Instructions to follow: Type out the lines below exactly, pictures excluded.

Given data:
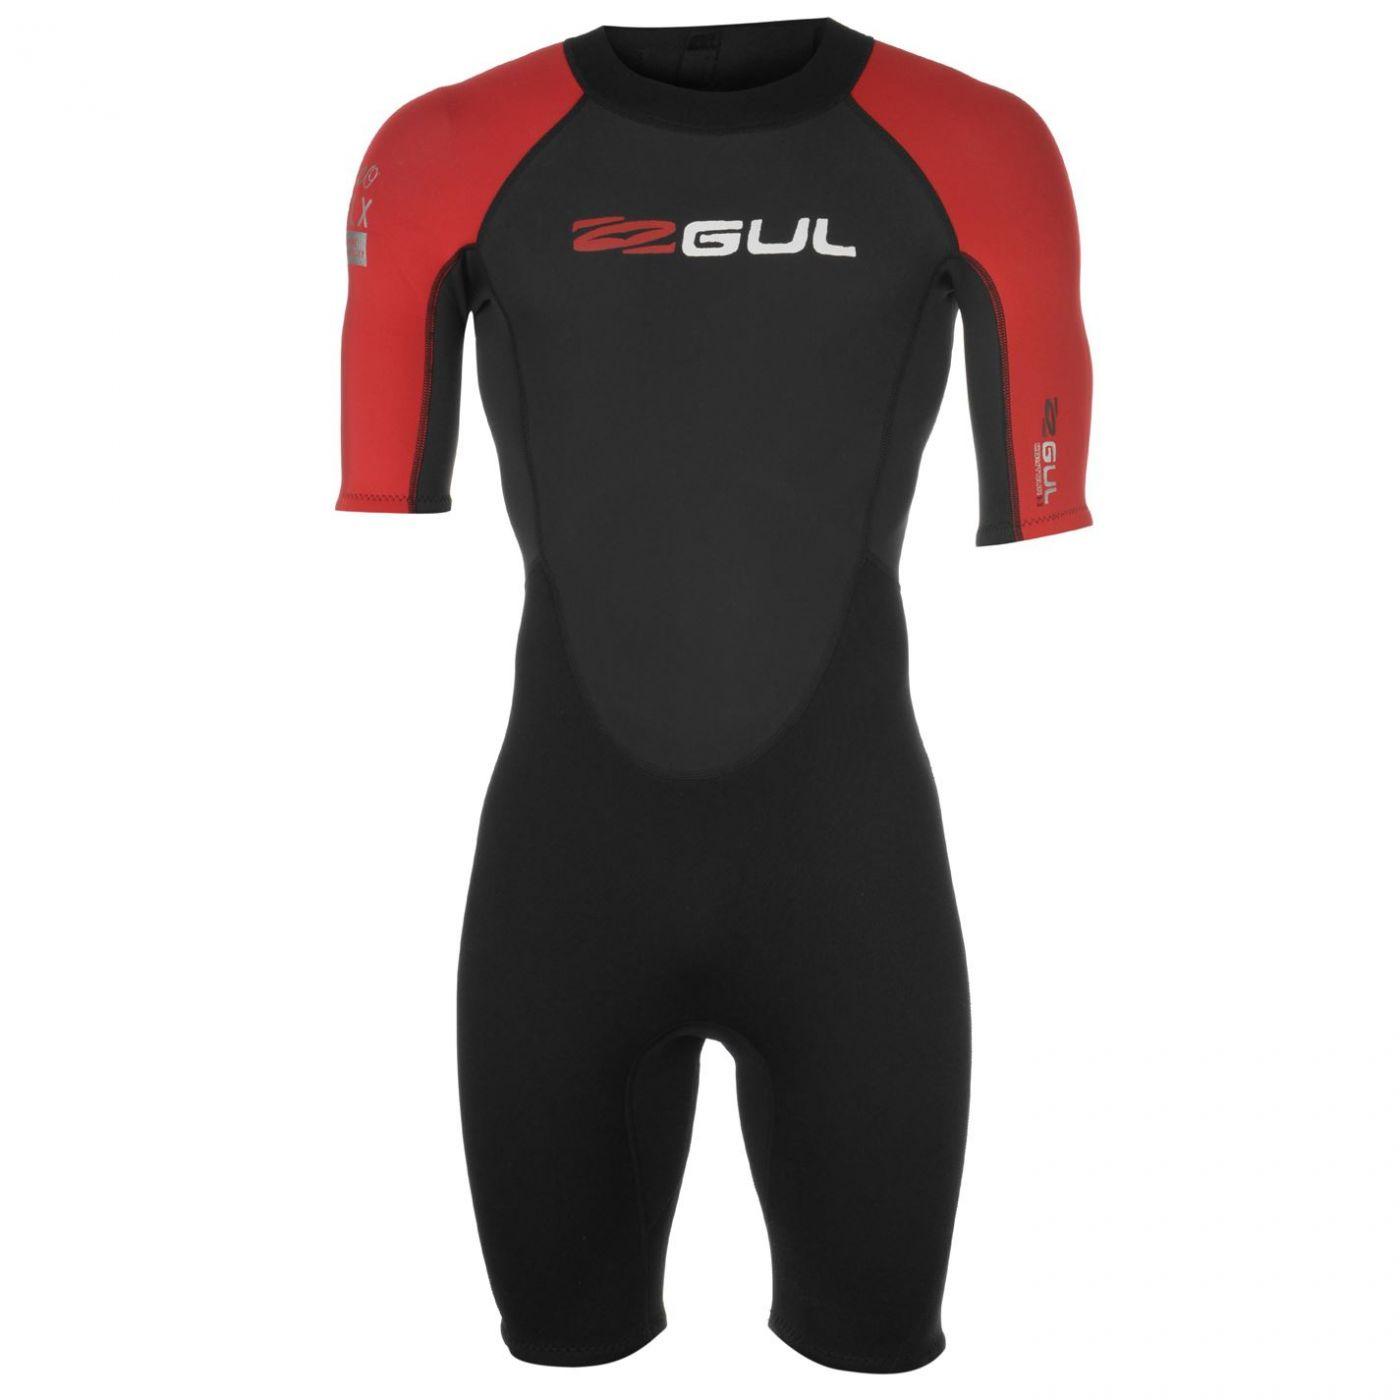 Gul Contour Wetsuit Mens Shorties
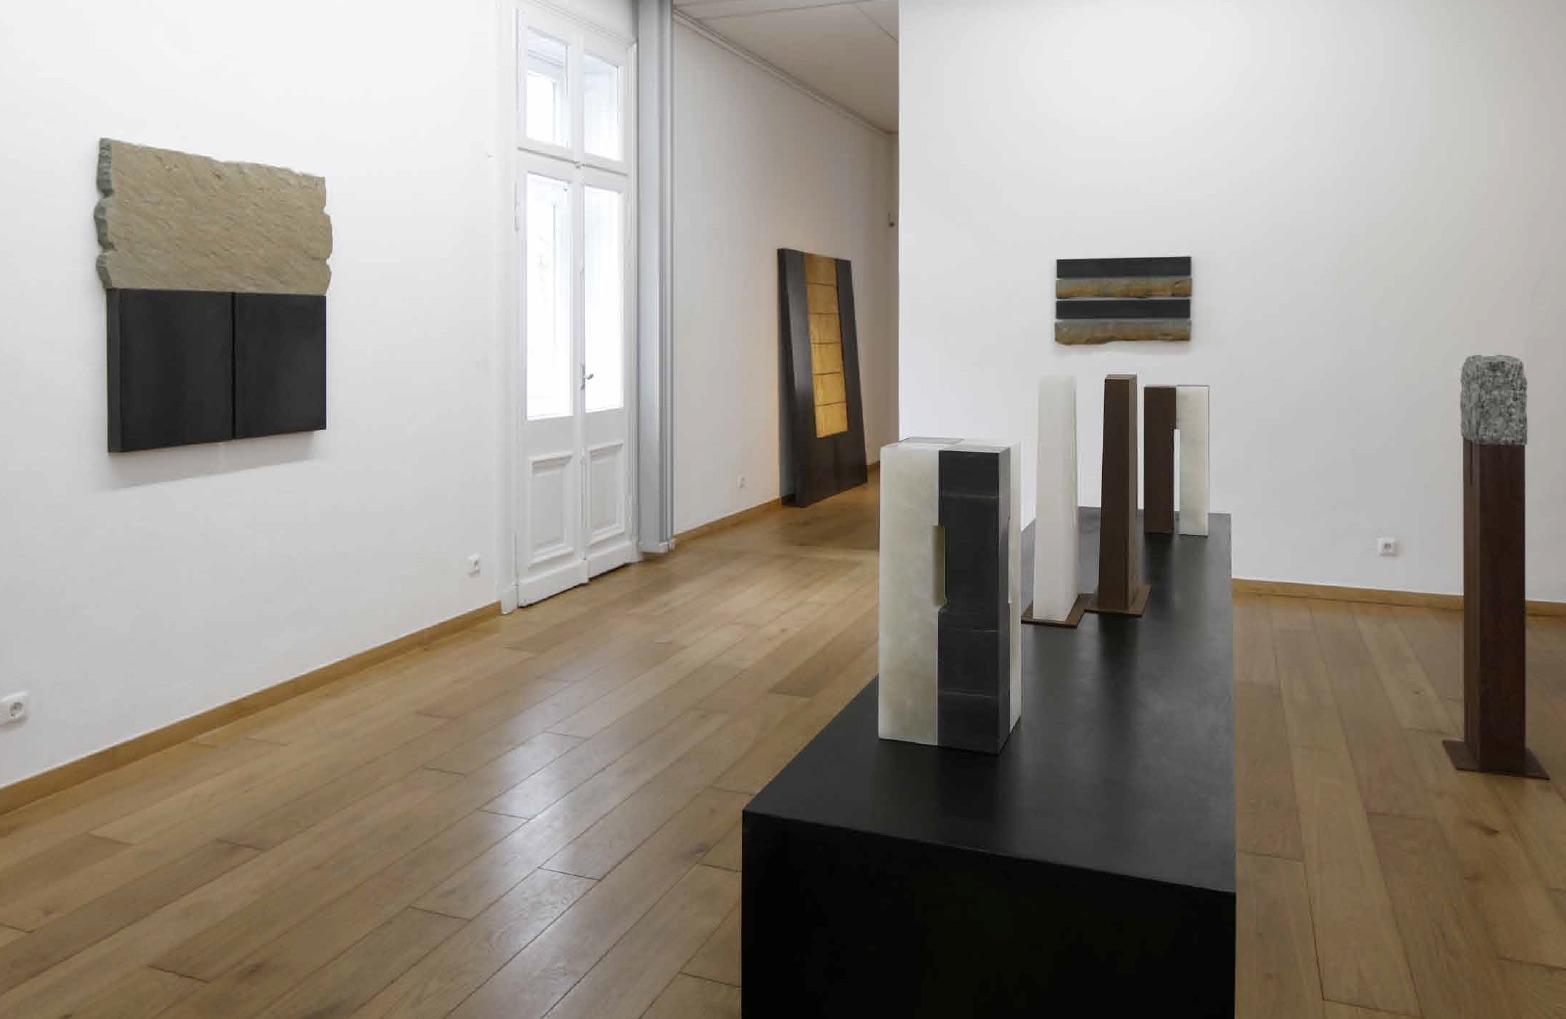 exhibition view Kunstmuseum Gelsenkirchen
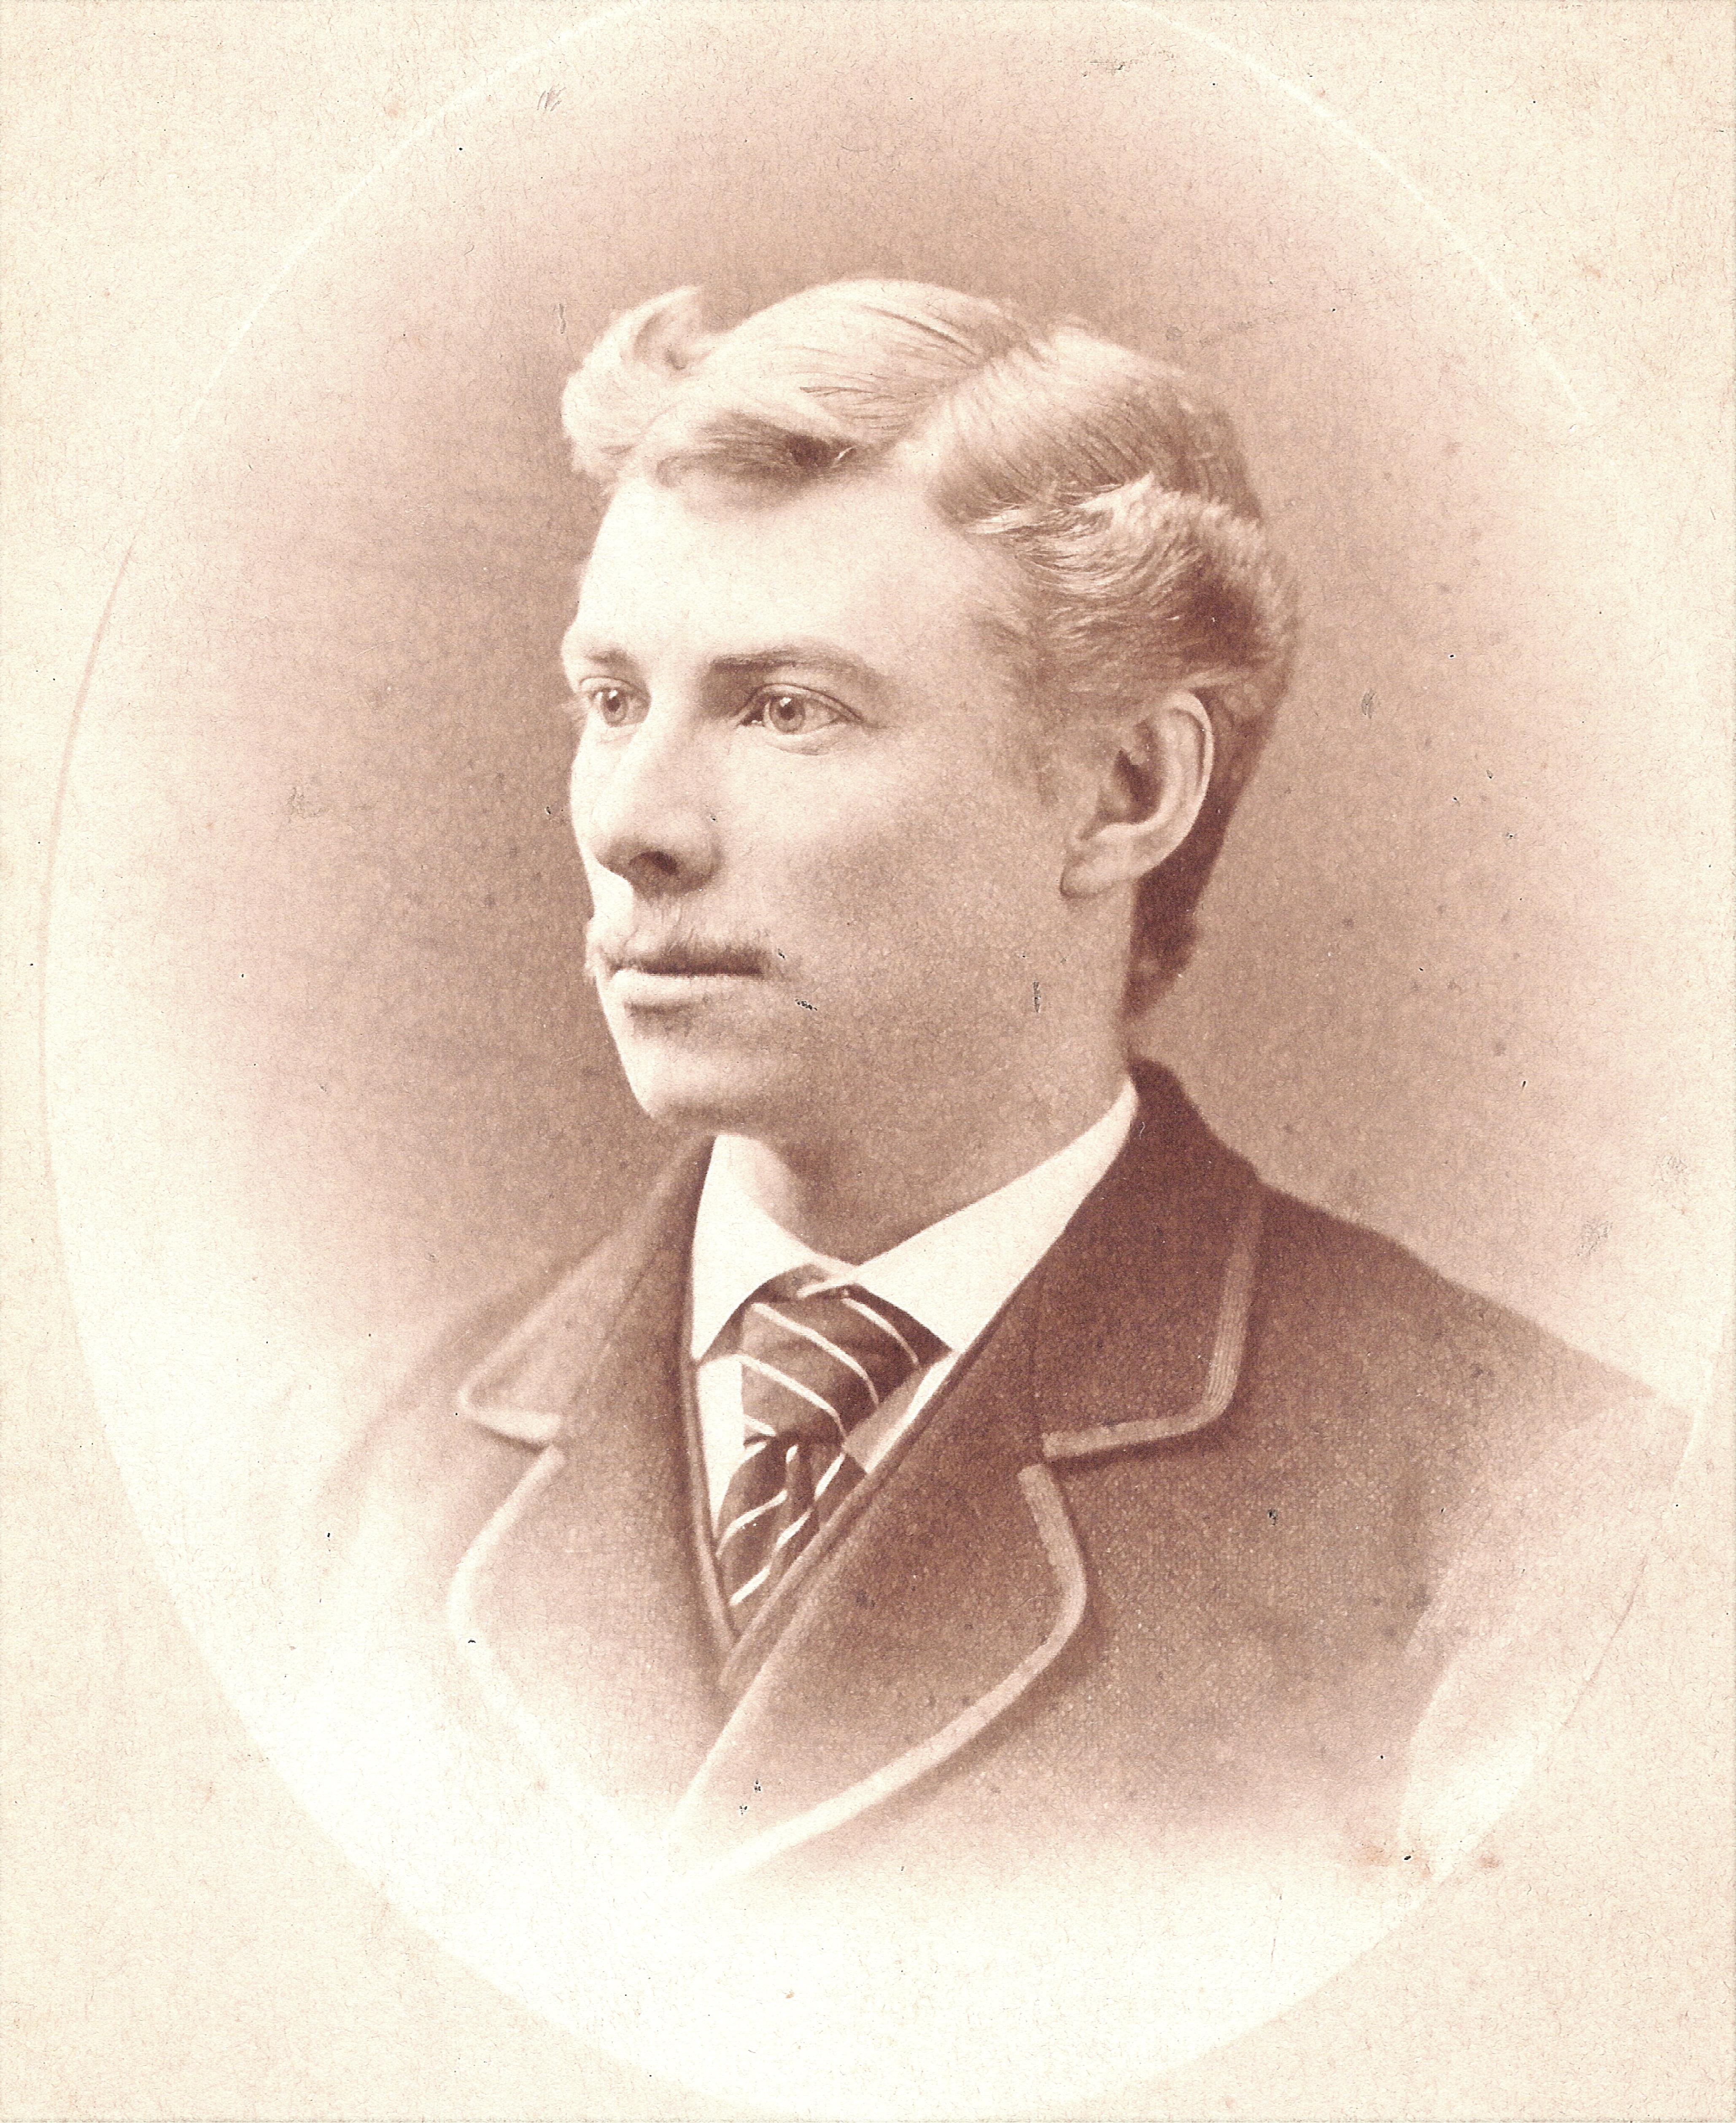 Moody in 1876

Solved problem:
 Gul Contour Wetsuit Mens Shorties
 exhibition view Kunstmuseum Gelsenkirchen
 Moody in 1876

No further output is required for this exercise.